What is required
From the line containing "Bove Island e" down to the line containing "Audi, für Design", copy out the entries below exactly, both lines included, and nothing else; pictures do not belong in the copy.

Data to process
____________________

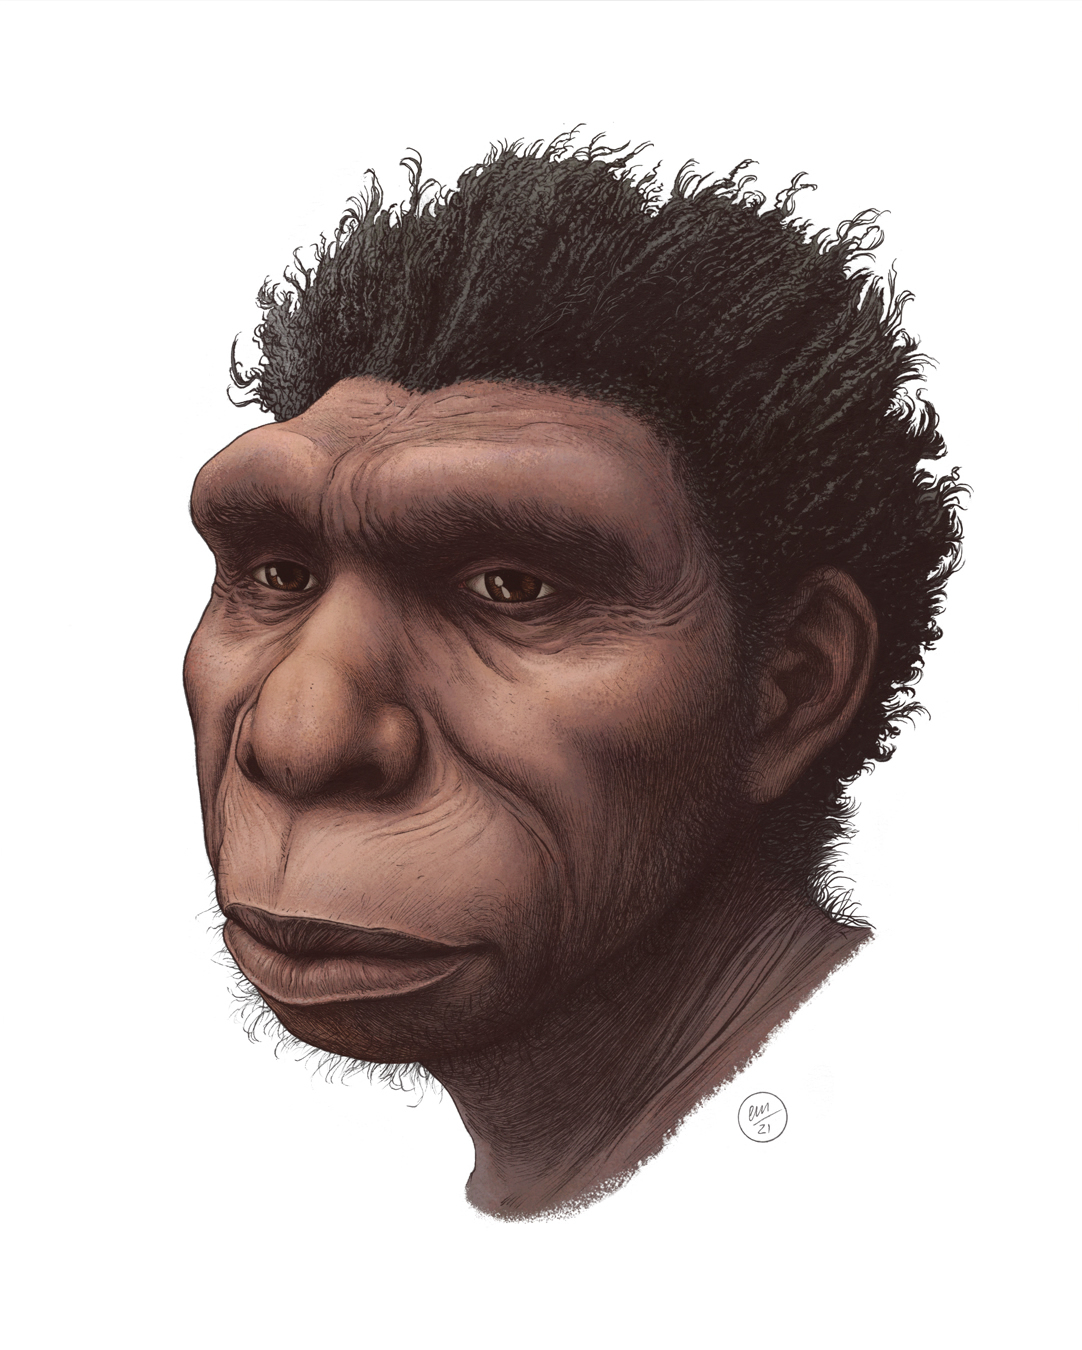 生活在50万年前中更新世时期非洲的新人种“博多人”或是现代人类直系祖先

____________________

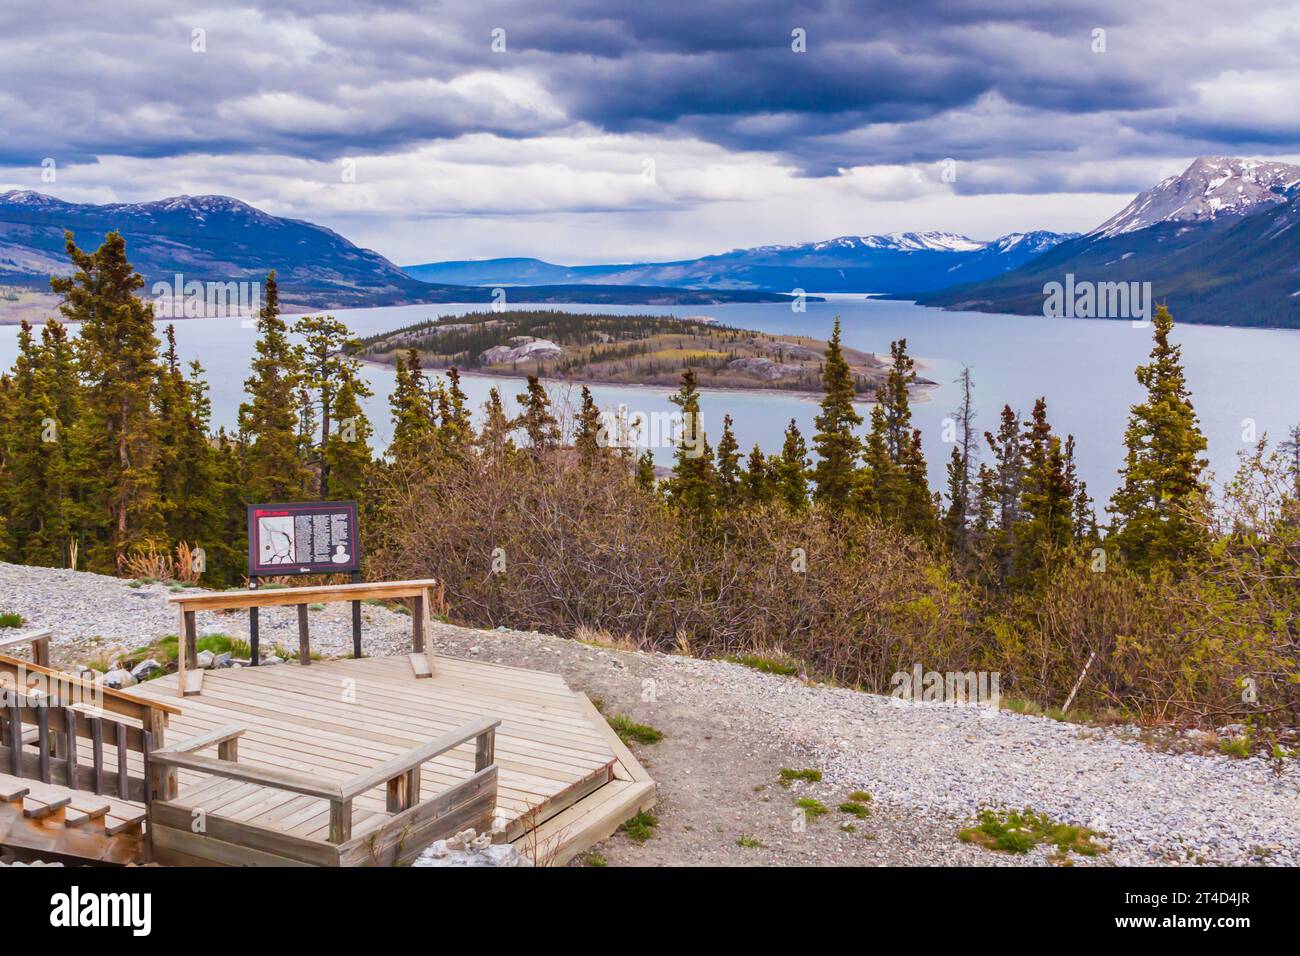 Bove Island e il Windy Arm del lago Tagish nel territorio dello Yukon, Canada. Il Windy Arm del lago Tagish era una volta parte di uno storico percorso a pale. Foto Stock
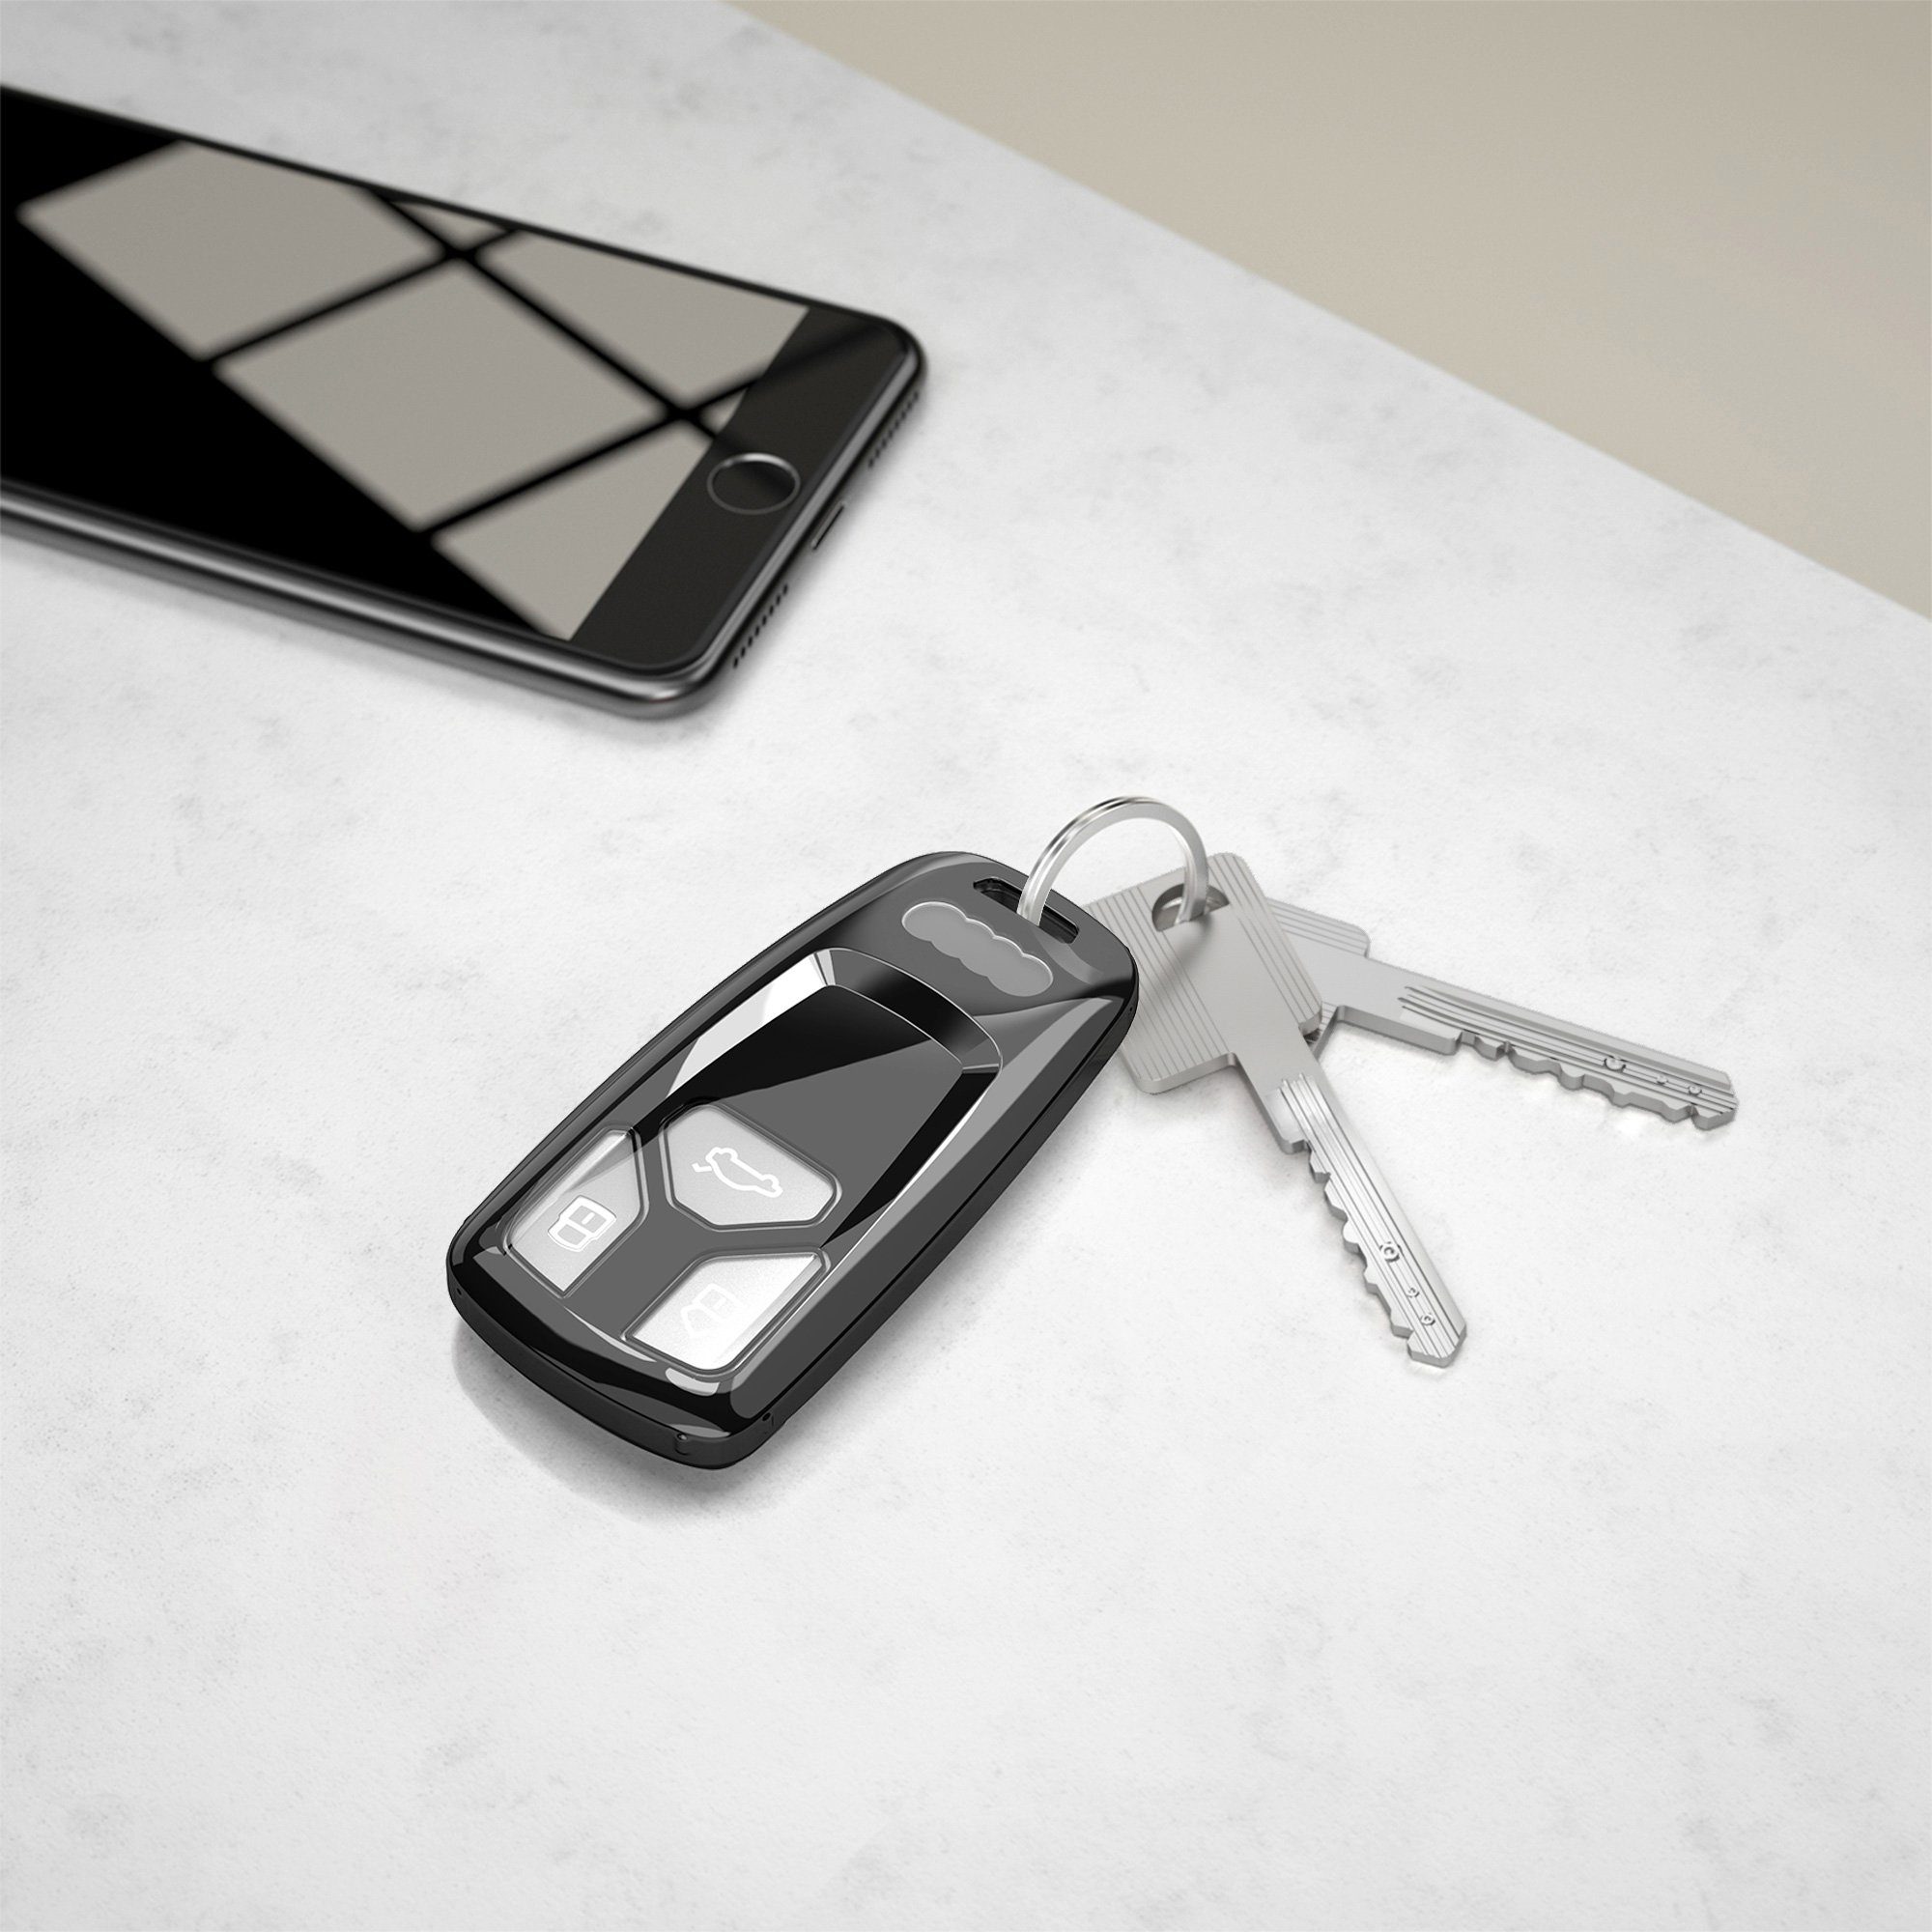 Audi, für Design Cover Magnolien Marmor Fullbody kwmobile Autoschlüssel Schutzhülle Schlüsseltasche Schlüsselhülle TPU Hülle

____________________

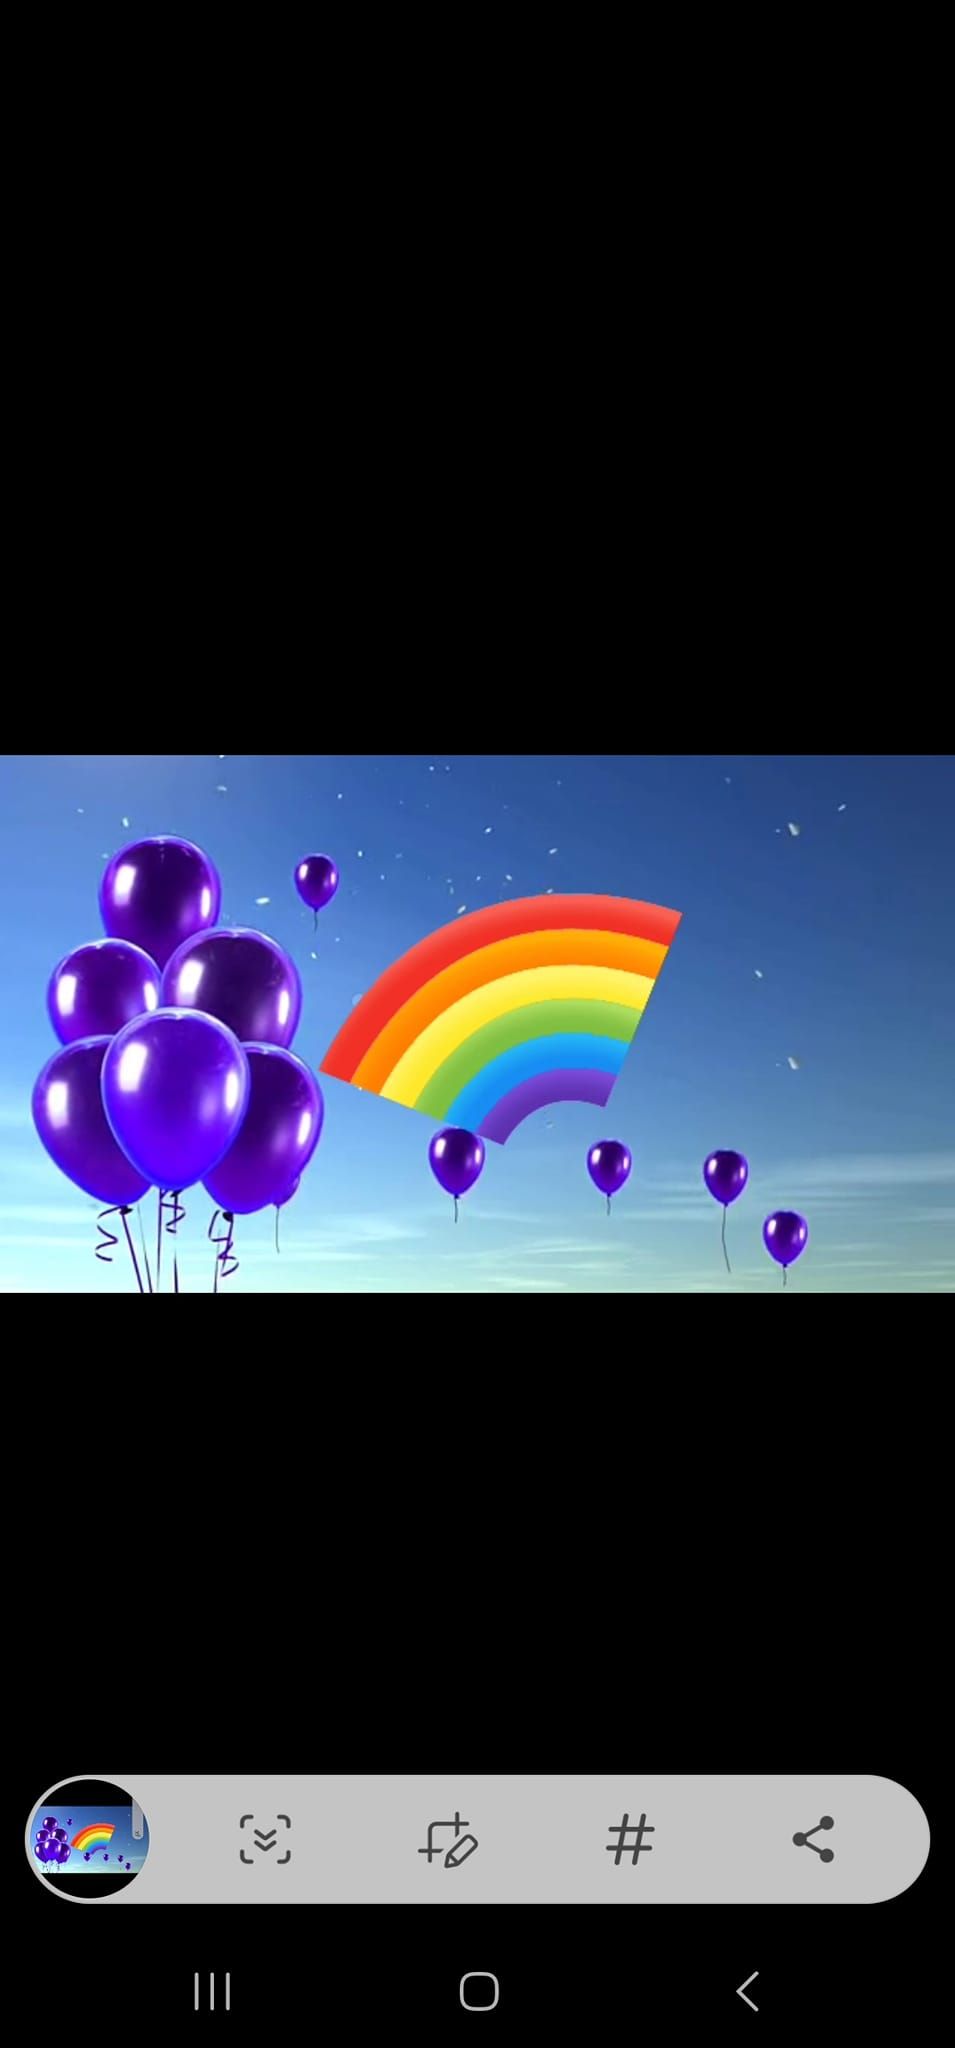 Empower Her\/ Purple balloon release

____________________

Reply
 Bove Island e il Windy Arm del lago Tagish nel territorio dello Yukon, Canada. Il Windy Arm del lago Tagish era una volta parte di uno storico percorso a pale. Foto Stock
 Audi, für Design Cover Magnolien Marmor Fullbody kwmobile Autoschlüssel Schutzhülle Schlüsseltasche Schlüsselhülle TPU Hülle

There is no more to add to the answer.